= Collected material =

::::::::::

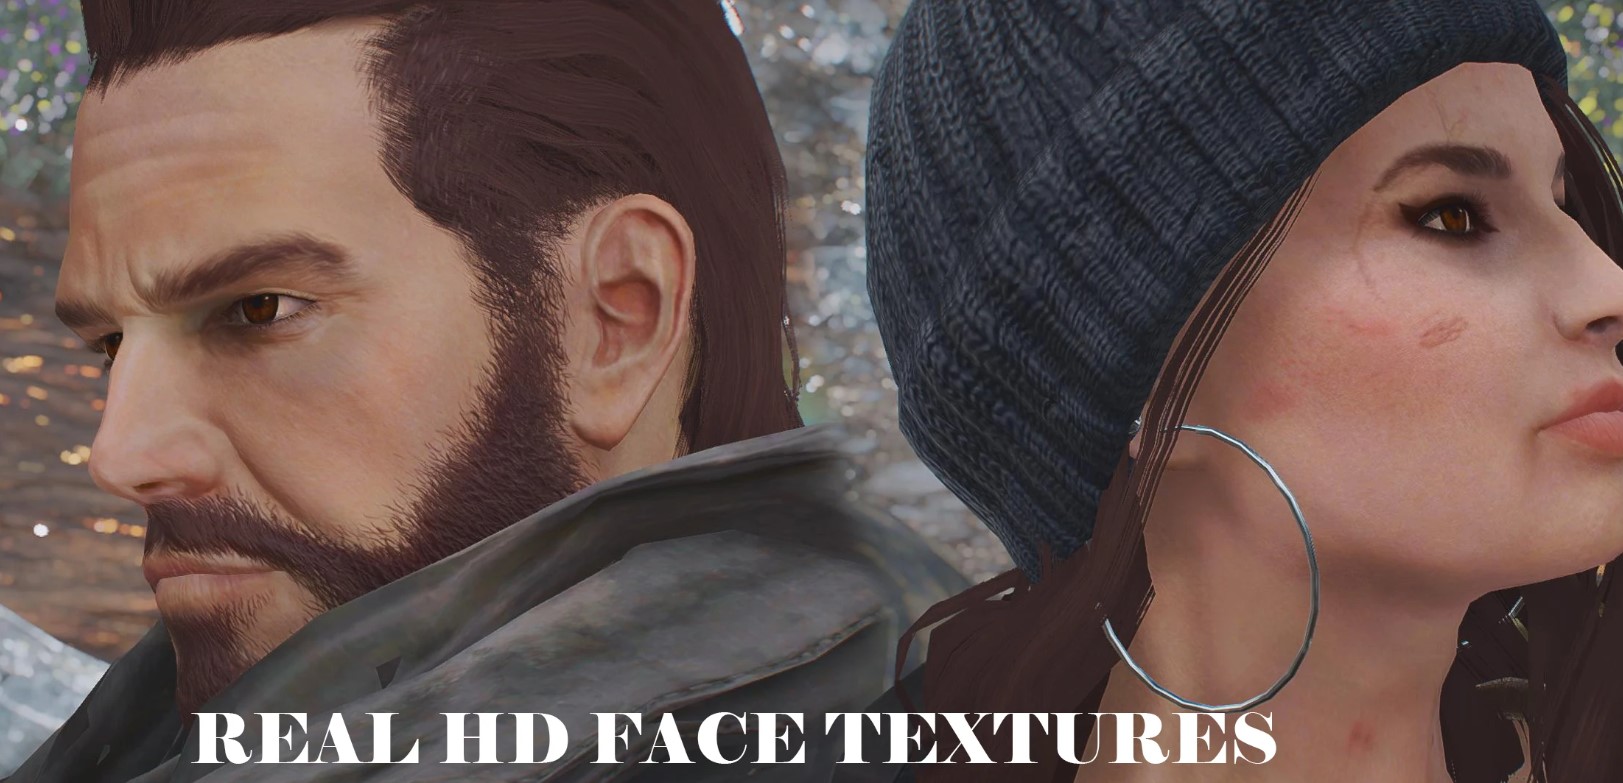 Real hd face textures 2k fallout 4 фото 4
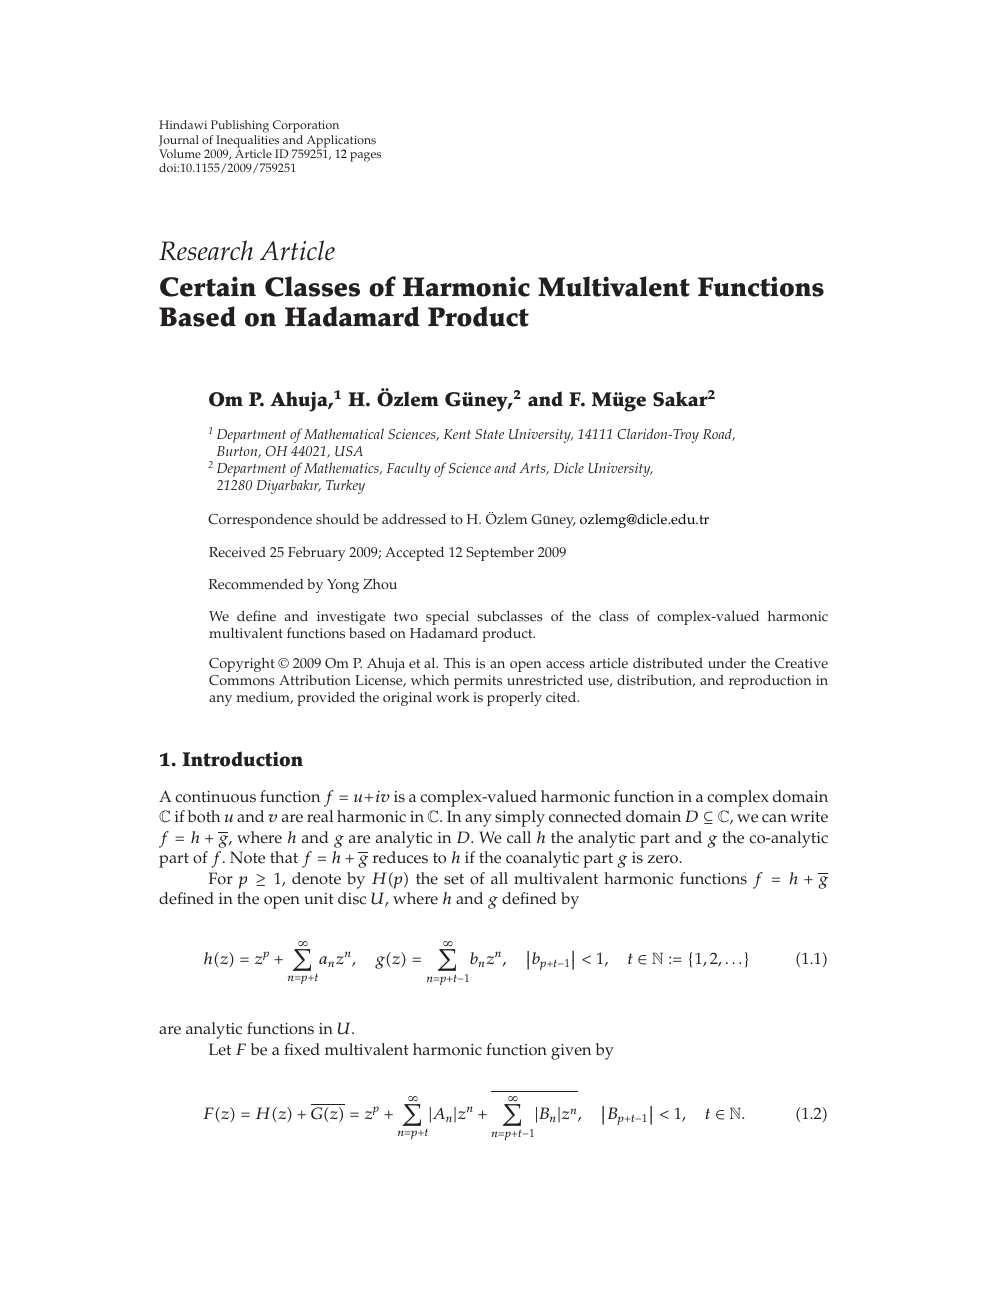 Certain Classes Of Harmonic Multivalent Functions Based On Hadamard Product Topic Of Research Paper In Mathematics Download Scholarly Article Pdf And Read For Free On Cyberleninka Open Science Hub
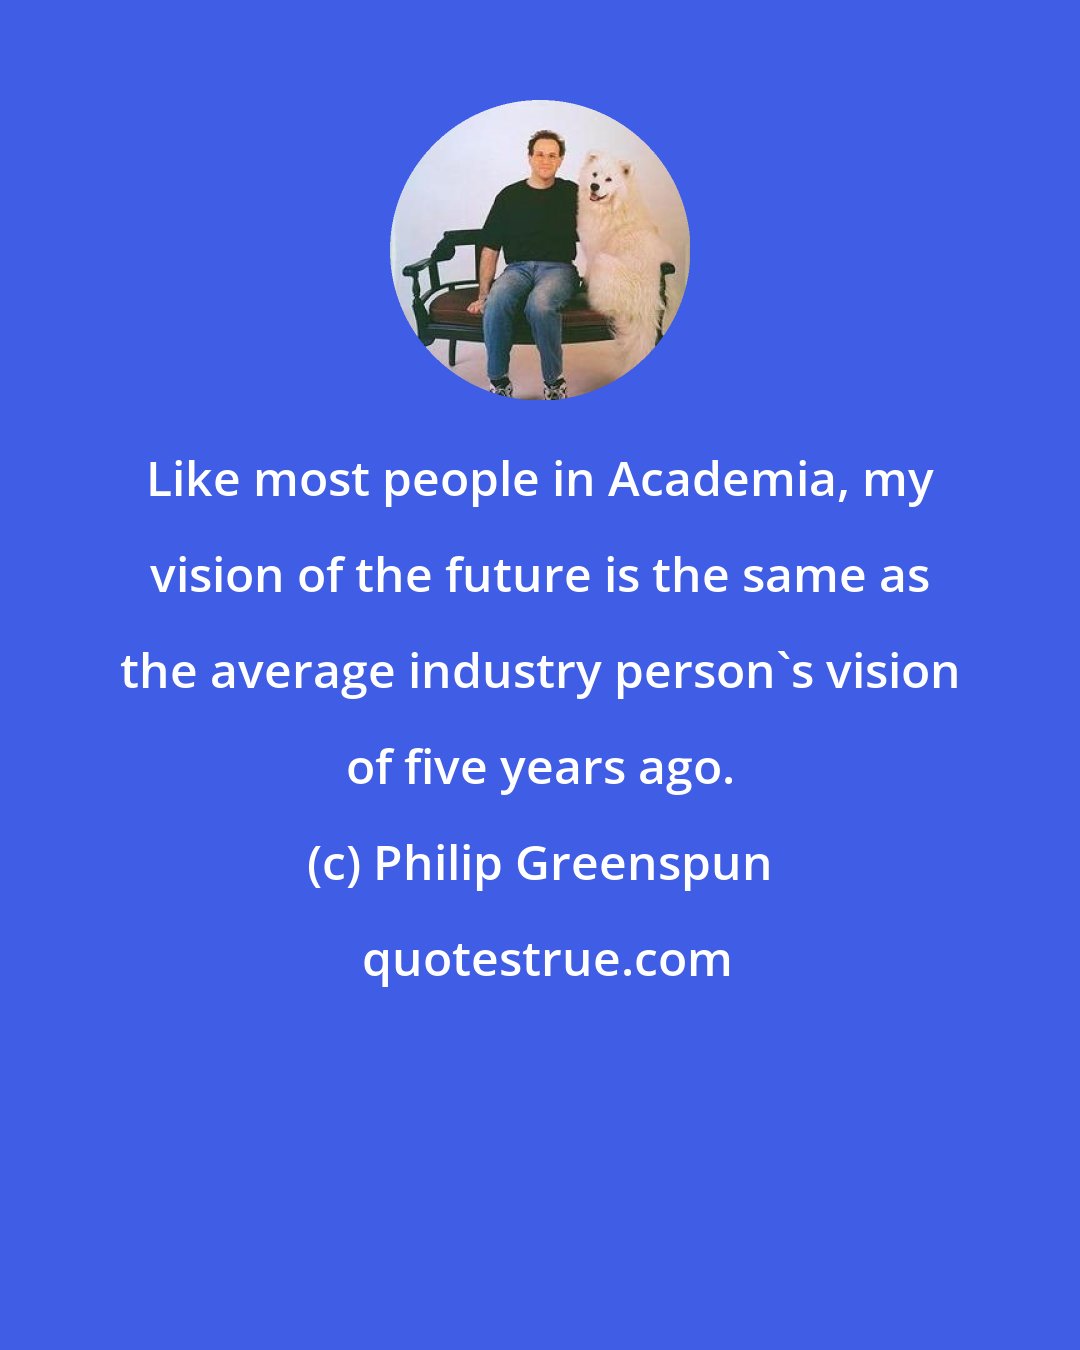 Philip Greenspun: Like most people in Academia, my vision of the future is the same as the average industry person's vision of five years ago.

::::::::::

= Task instructions =
Each line from the one containing "Certain Classes Of" through the last line of the data should be written out exactly. Skip the pictures, and add no other lines.

= Exercise solution =
 Certain Classes Of Harmonic Multivalent Functions Based On Hadamard Product Topic Of Research Paper In Mathematics Download Scholarly Article Pdf And Read For Free On Cyberleninka Open Science Hub
 Philip Greenspun: Like most people in Academia, my vision of the future is the same as the average industry person's vision of five years ago.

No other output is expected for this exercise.